**Assignment**
Word for word, restate the lines of the data below between those holding "Curtius Klinik Psychosomatische Medizin" and "YIMAOC Бэтмен Джокер, Темный", inclusive; pictures do not belong in the copy.

====== Data records ======

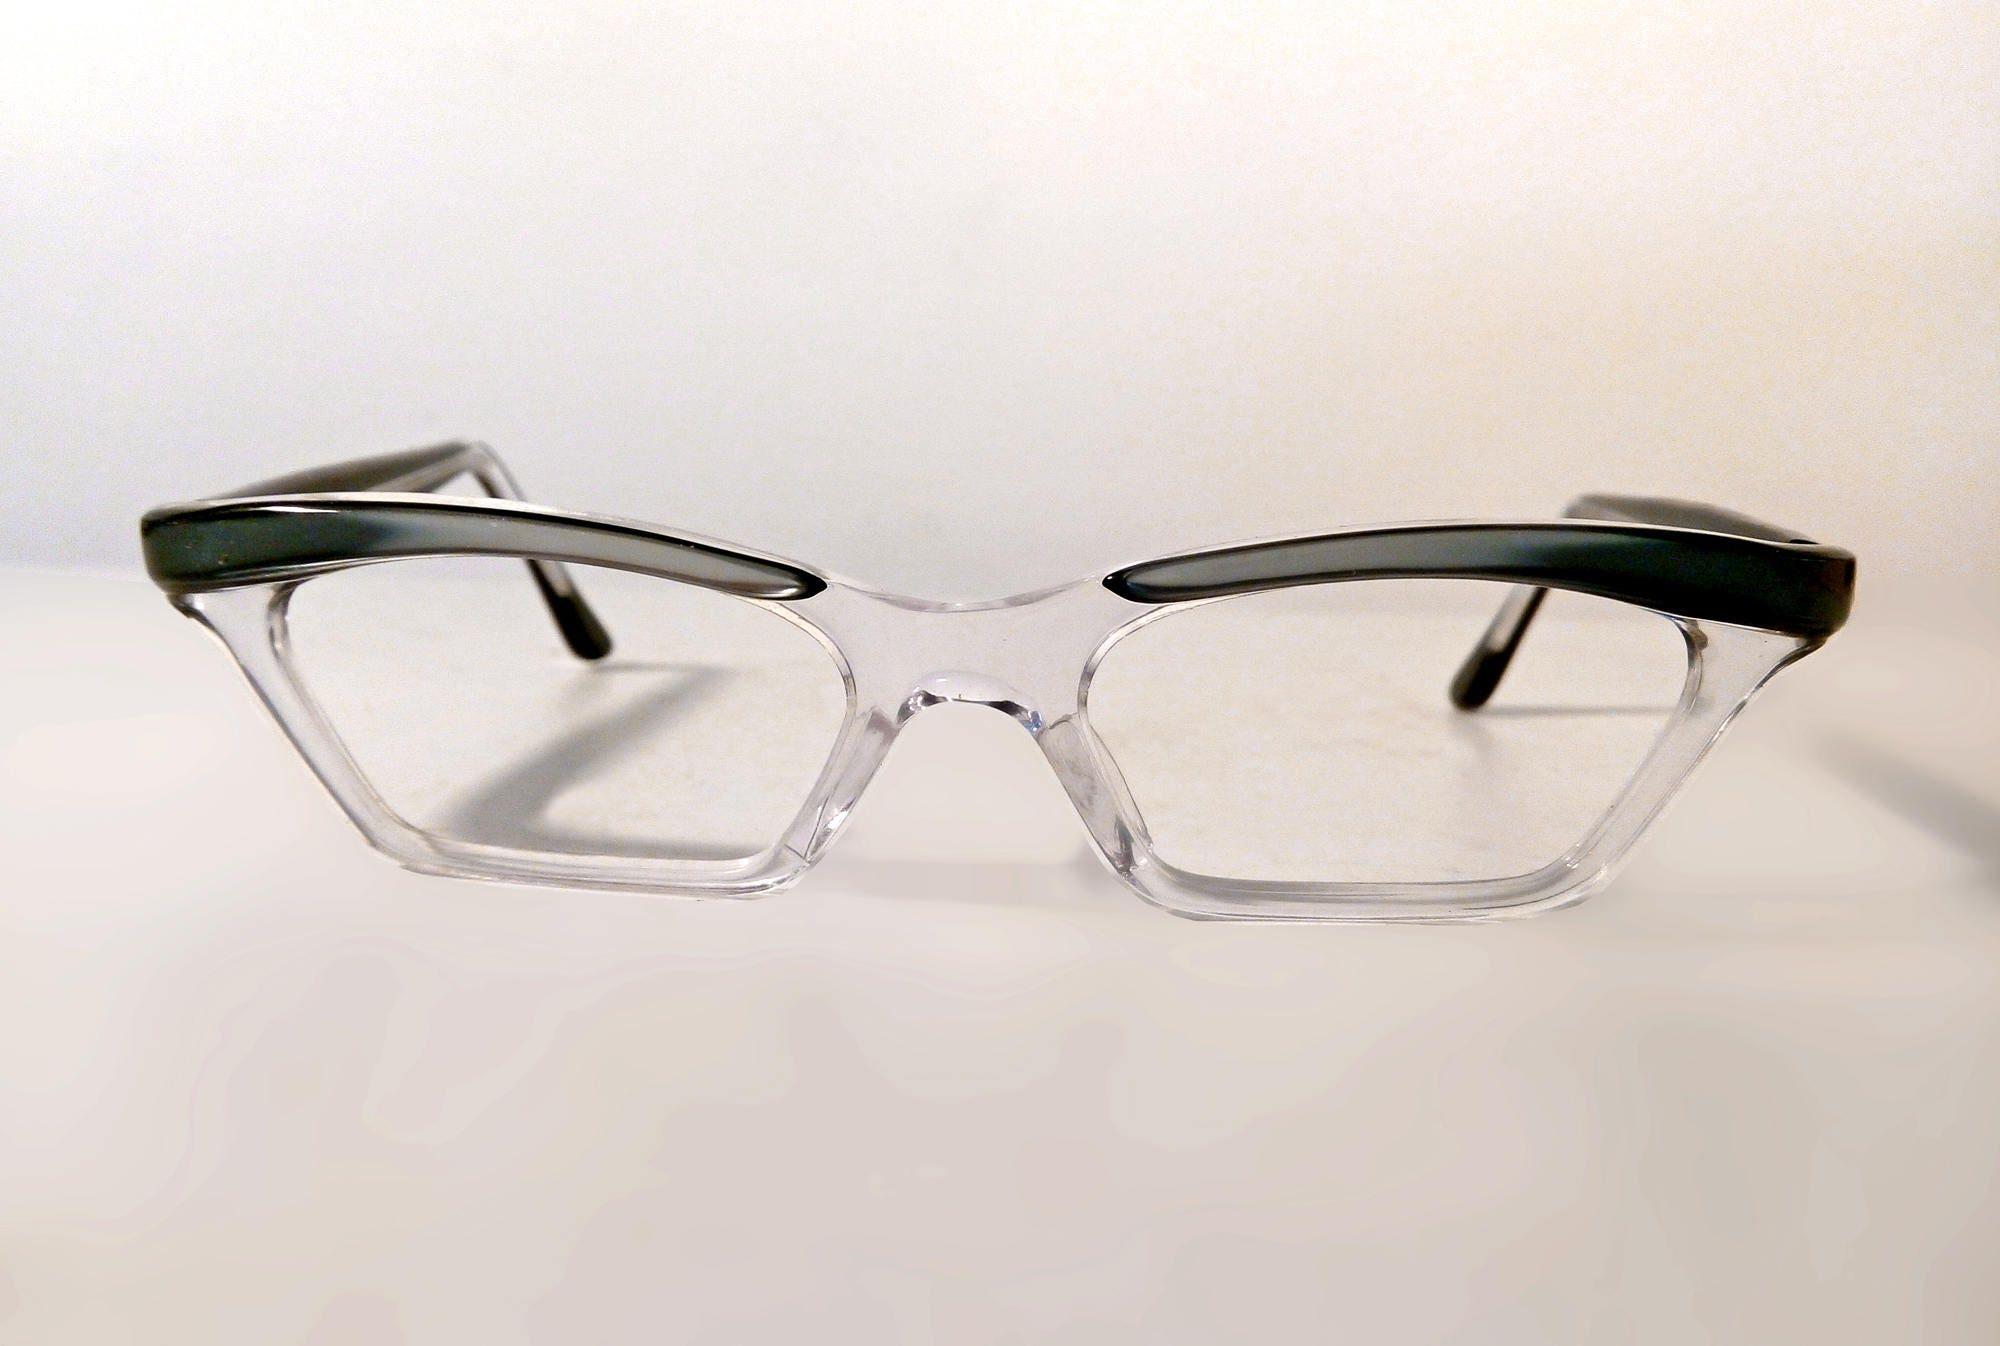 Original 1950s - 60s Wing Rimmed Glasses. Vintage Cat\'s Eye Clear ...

======
====== Data records ======

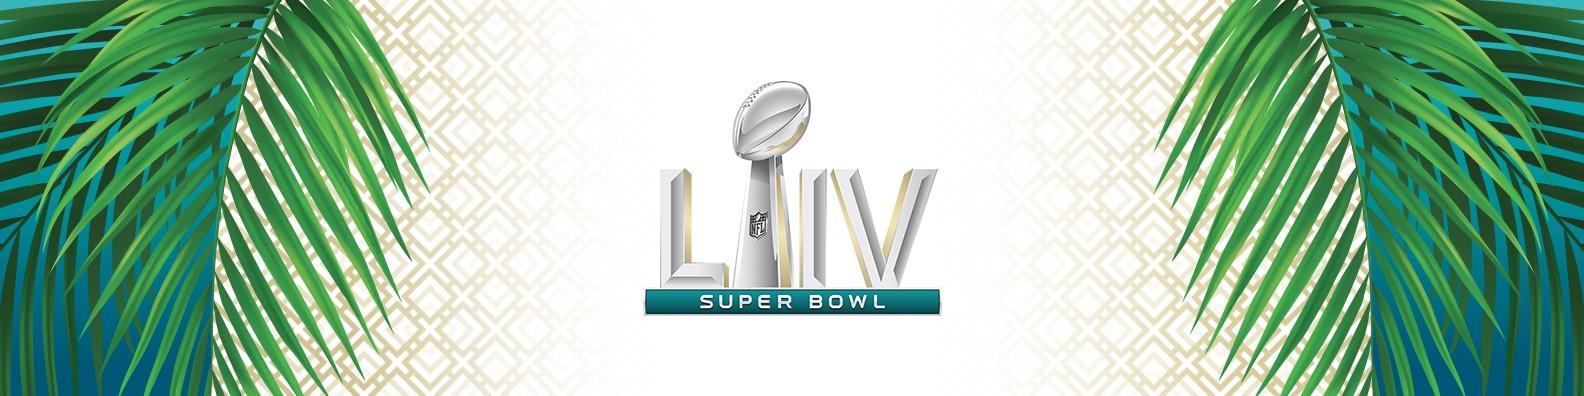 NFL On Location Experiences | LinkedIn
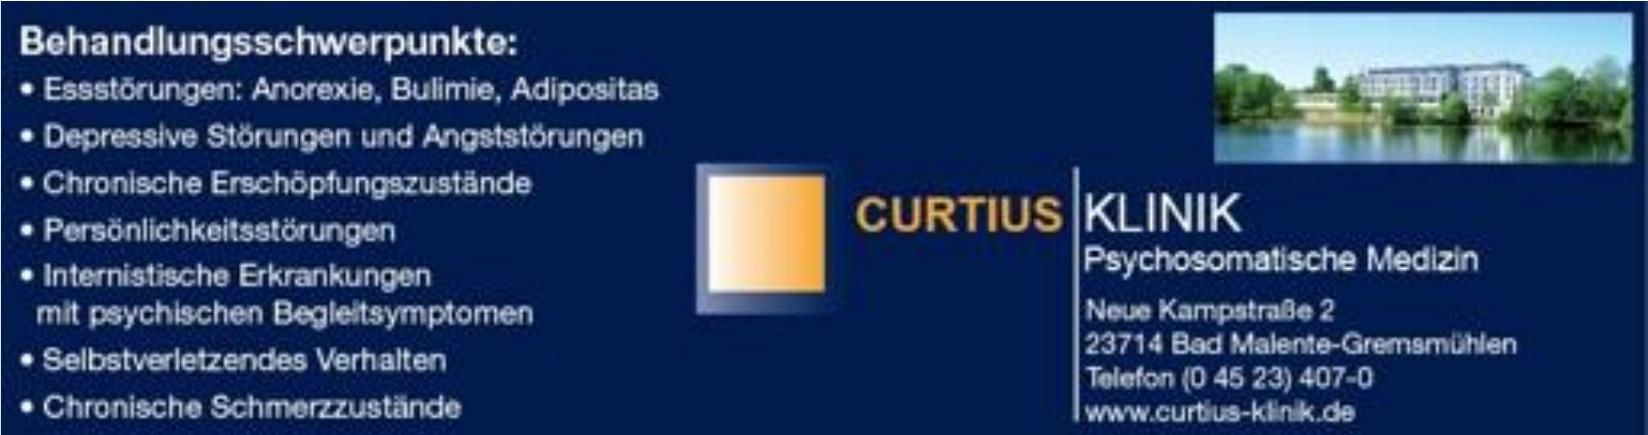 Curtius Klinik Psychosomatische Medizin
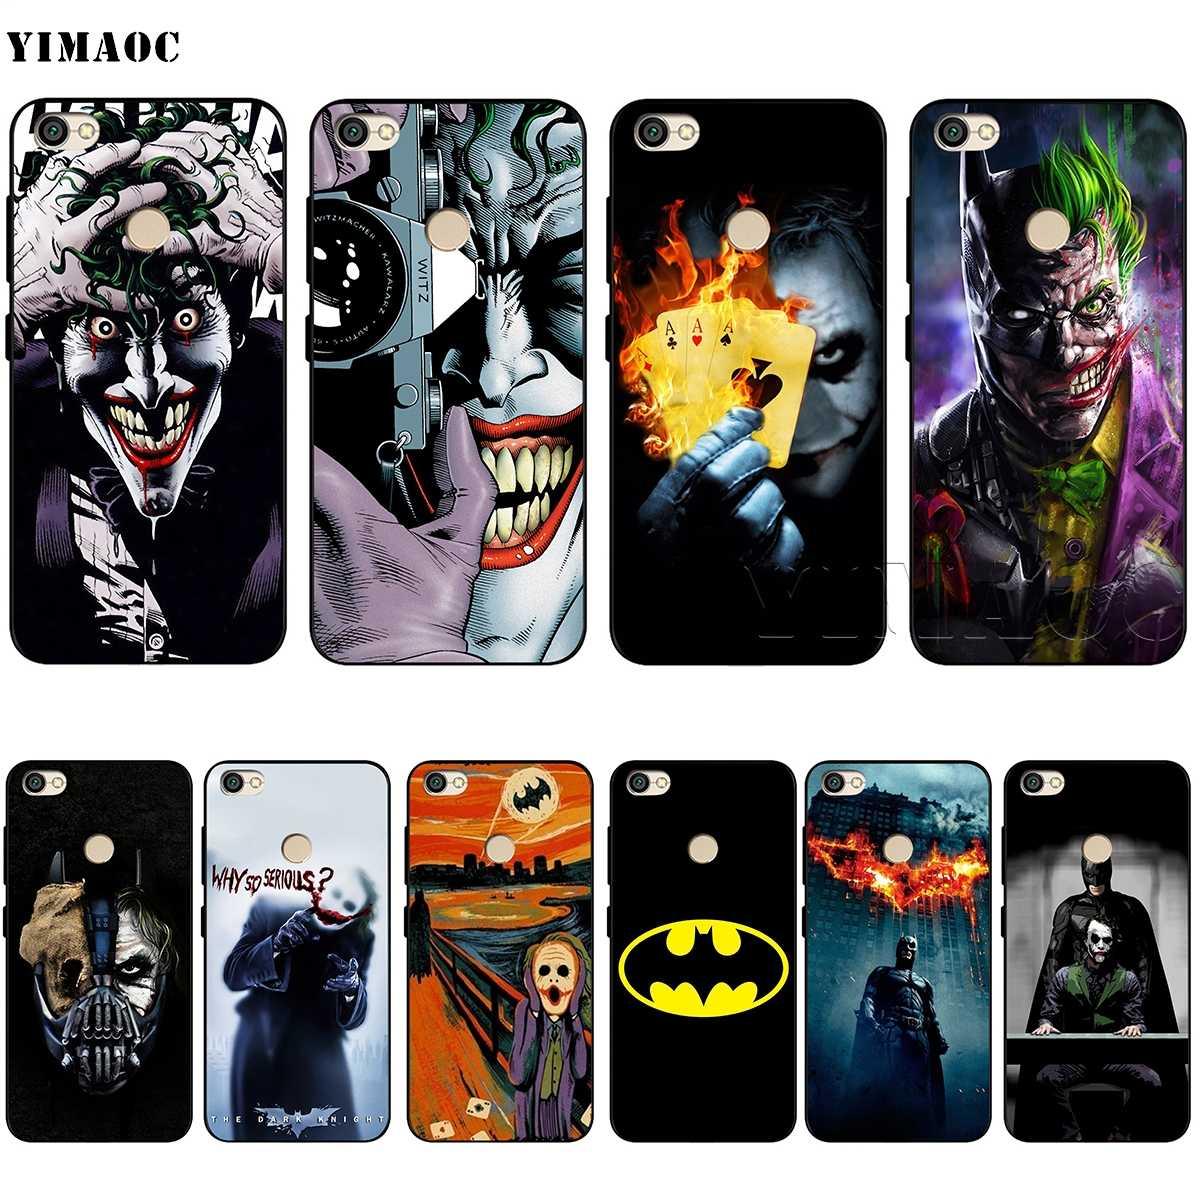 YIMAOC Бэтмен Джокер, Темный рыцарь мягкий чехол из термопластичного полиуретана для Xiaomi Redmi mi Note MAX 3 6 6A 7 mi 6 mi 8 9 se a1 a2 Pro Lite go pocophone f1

======
====== Data records ======

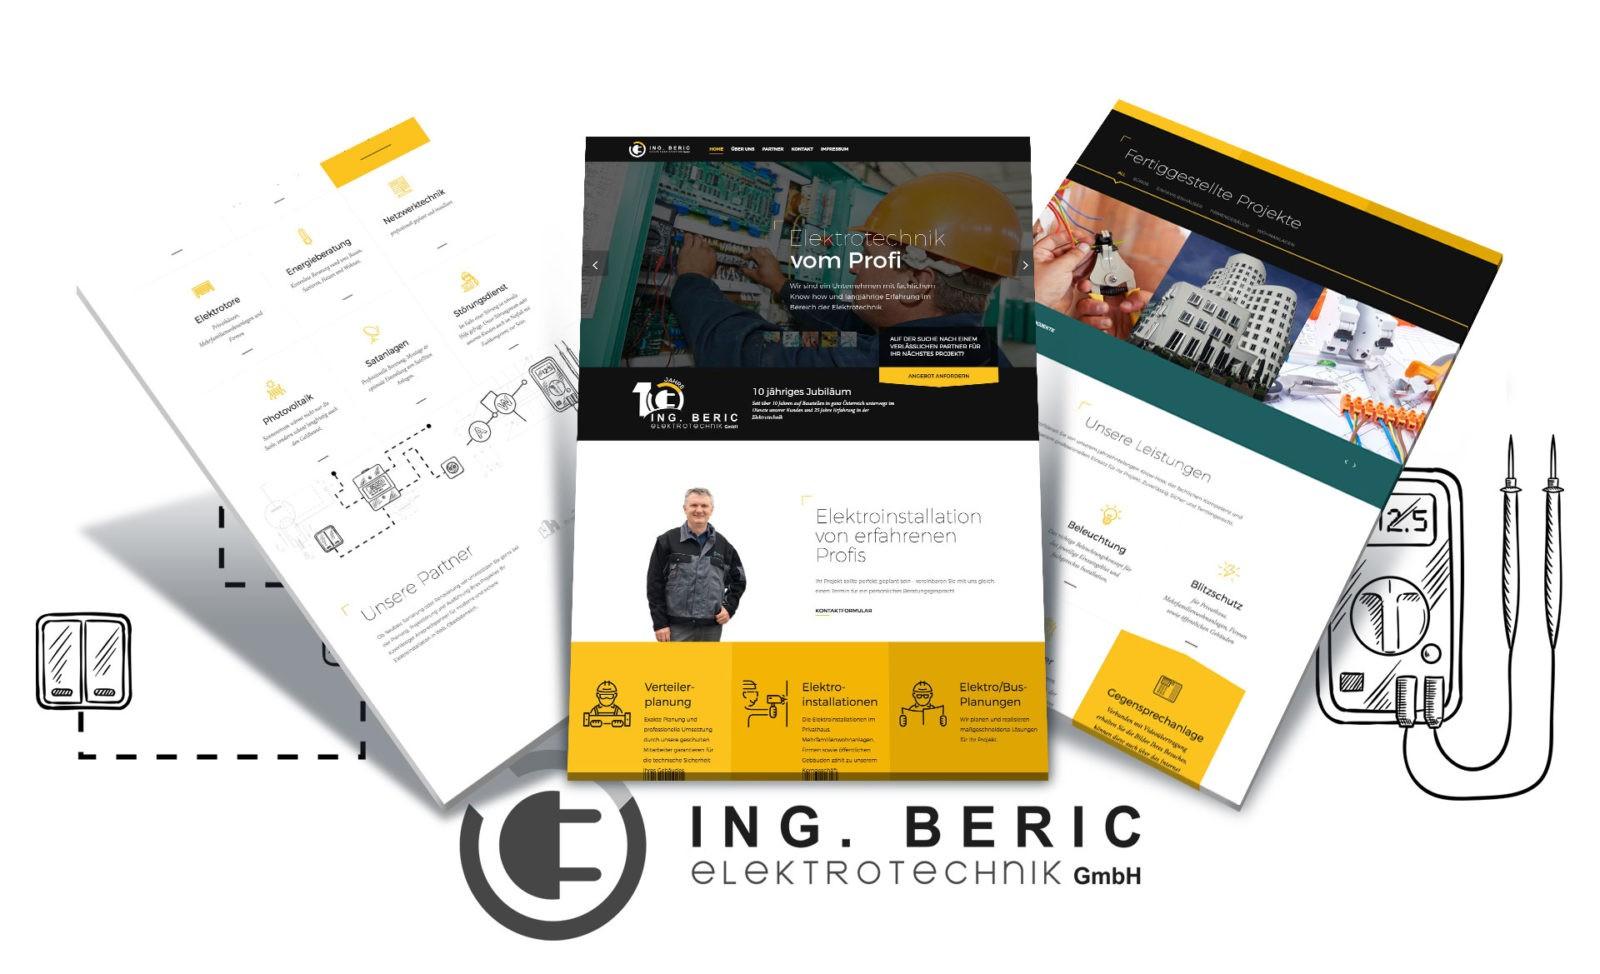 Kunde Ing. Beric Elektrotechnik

======

**Solution to this exercise**
 Curtius Klinik Psychosomatische Medizin
 YIMAOC Бэтмен Джокер, Темный рыцарь мягкий чехол из термопластичного полиуретана для Xiaomi Redmi mi Note MAX 3 6 6A 7 mi 6 mi 8 9 se a1 a2 Pro Lite go pocophone f1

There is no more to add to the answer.